Increase in webhooks latency

Incident Report for Onfido

Postmortem

Summary

Webhooks latency increased to up to 49 minutes in the EU region between 12:39 and 13:39 UTC on the October 9, 2025.

Although no webhooks were lost during the incident, some clients encountered rate limit errors when calling the API while processing a surge of delayed webhooks. These webhooks were subsequently retried according to the logic outlined in our public documentation.

Root Causes

An infrastructure dependency that helps reduce duplicate delivery of webhooks experienced a hardware failure. As a result there was a significant decrease of the service throughput during the incident.

Timeline

12:39 UTC: Throughput of the service responsible for delivering webhooks decreased

12:45 UTC: Our on-call team gets notified and starts the investigation

13:16 UTC: The on-call team acknowledge the widespread impact of the incident and updates the status page

13:42 UTC: The on-call team identifies the faulty infrastructure dependency

13:49 UTC: The service recovered and all pending webhooks were delivered

Remedies

We’ll improve the resilience of webhook delivery in case of failures to this piece of infrastructure. We will also update our runbooks with specific instructions to help diagnose this type of failure and therefore decrease the recovery time in the case of similar incidents.

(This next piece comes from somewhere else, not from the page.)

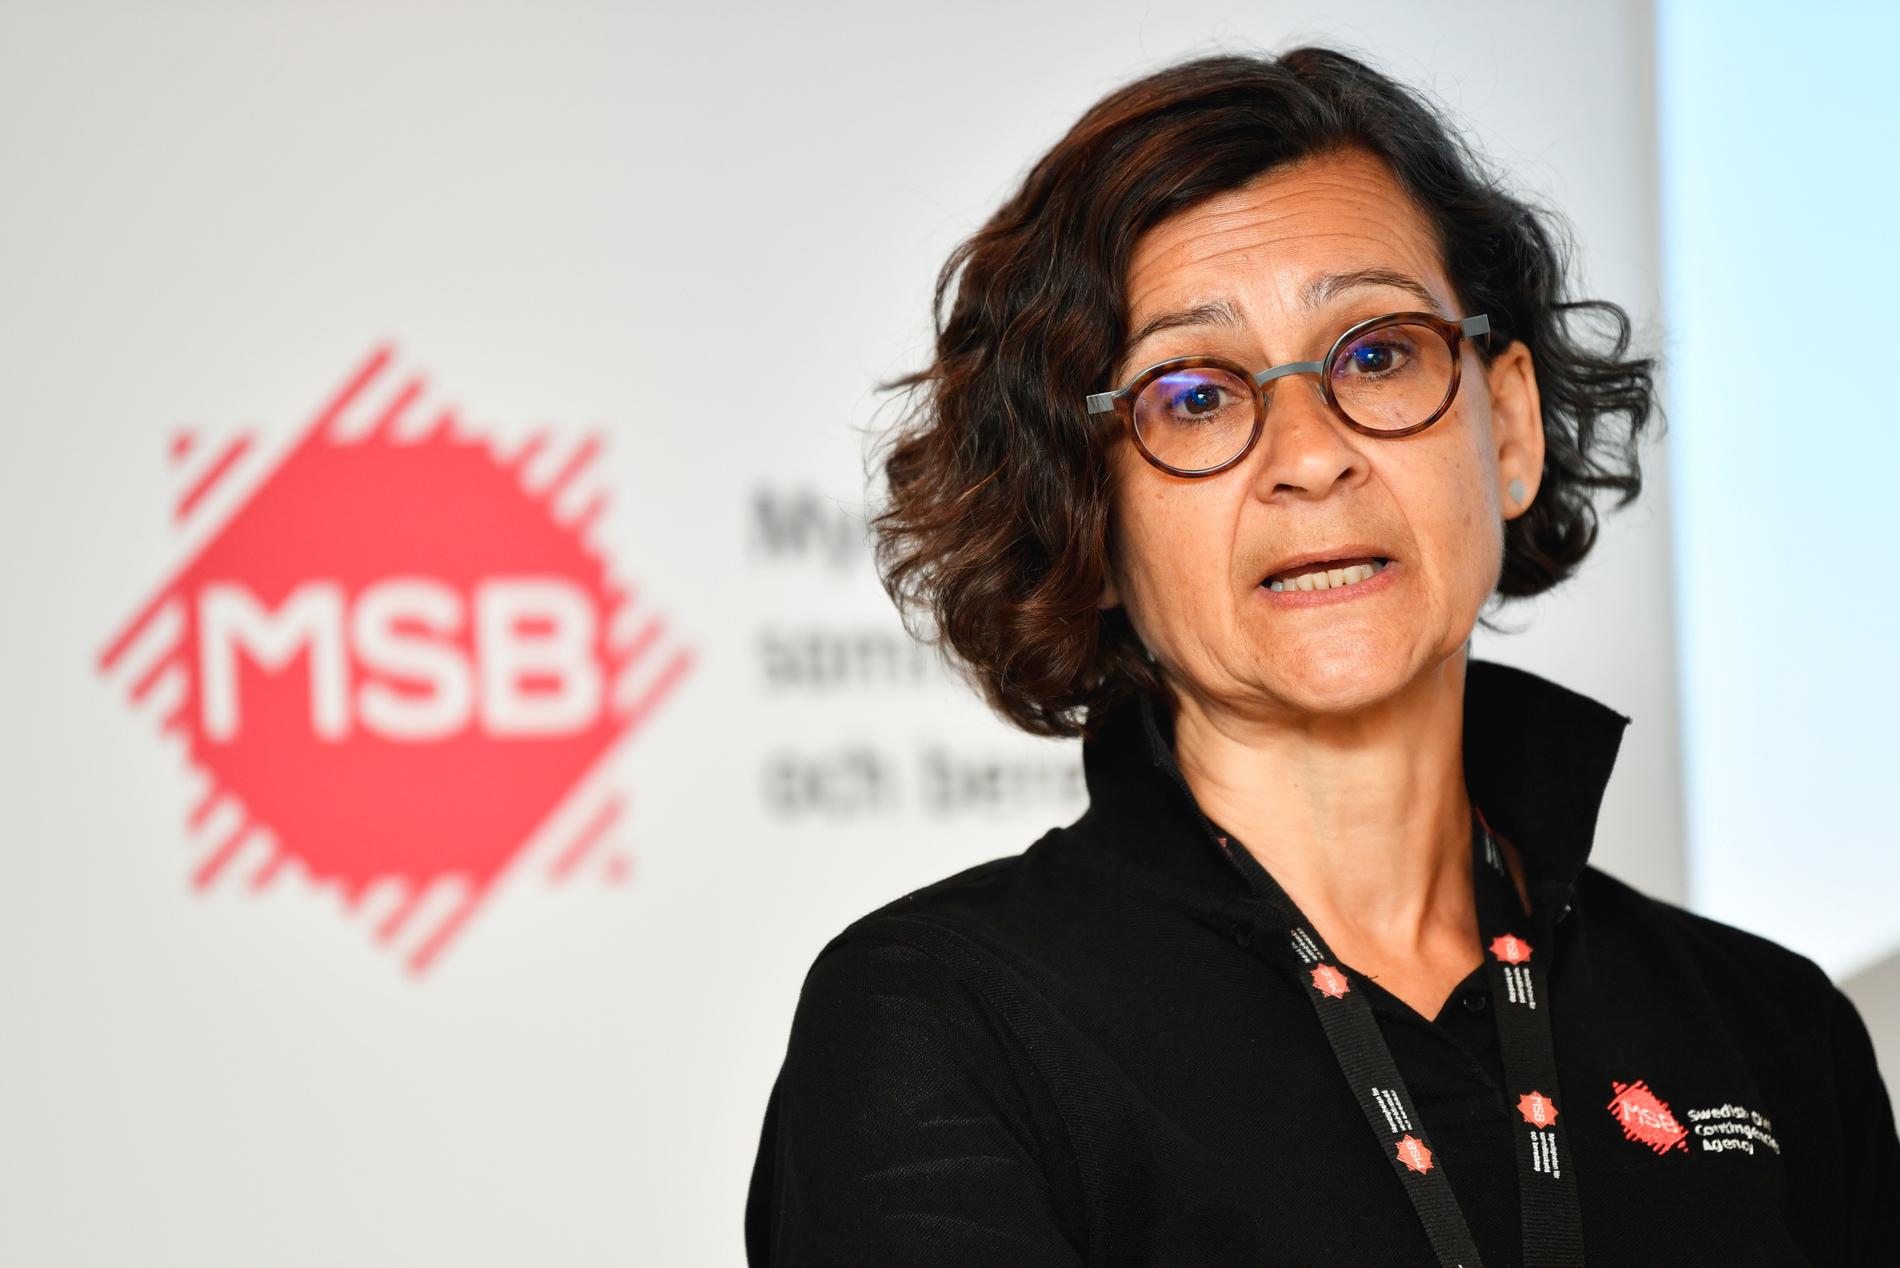  Anneli Bergholm Söder, chef på MSB:s operativa avdelning.
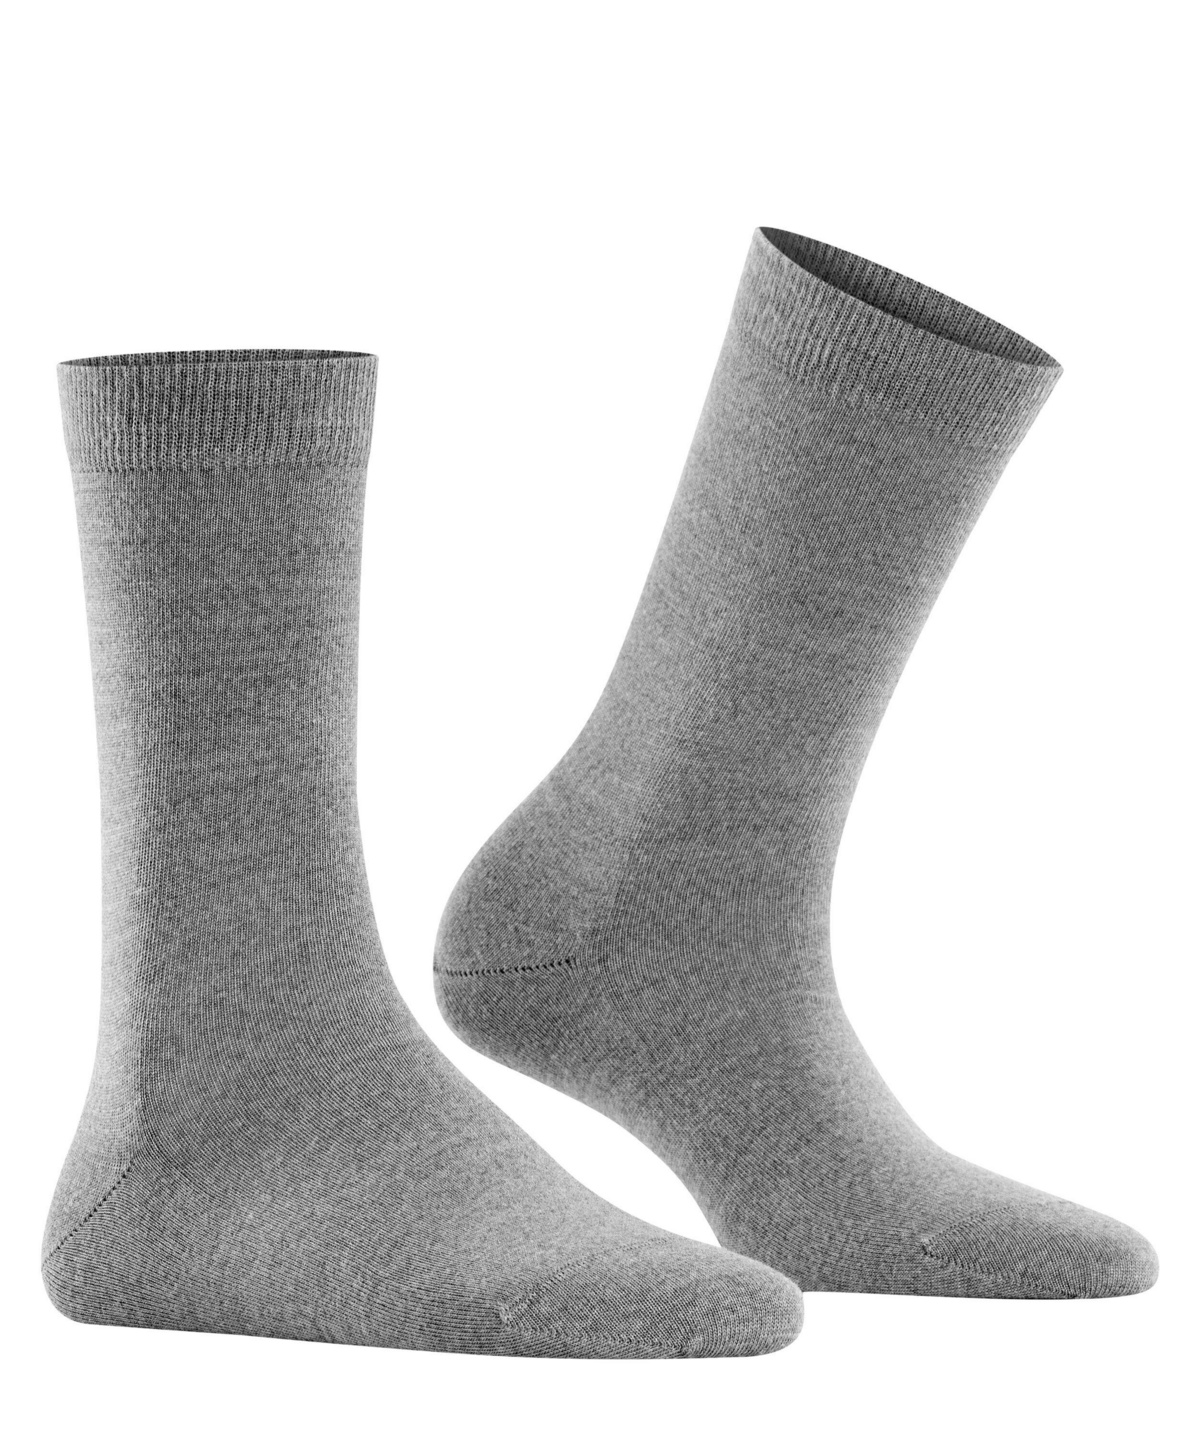 Softmerino Sock-1 pair-57% Virgin Wool 23% Cotton 18% Polyamide 2% Elastane- Warming sock-Cotton on Inside Against Skin

Posted Oct 13, 2025 - 14:06 UTC

Resolved

This incident has been resolved.
Posted Oct 09, 2025 - 13:55 UTC

Monitoring

A fix has been implemented and we are monitoring the results.
Posted Oct 09, 2025 - 13:50 UTC

Investigating

We've identified an increase in webhooks latency affecting the EU region.
Posted Oct 09, 2025 - 13:17 UTC
This incident affected: Europe (onfido.com) (Webhooks).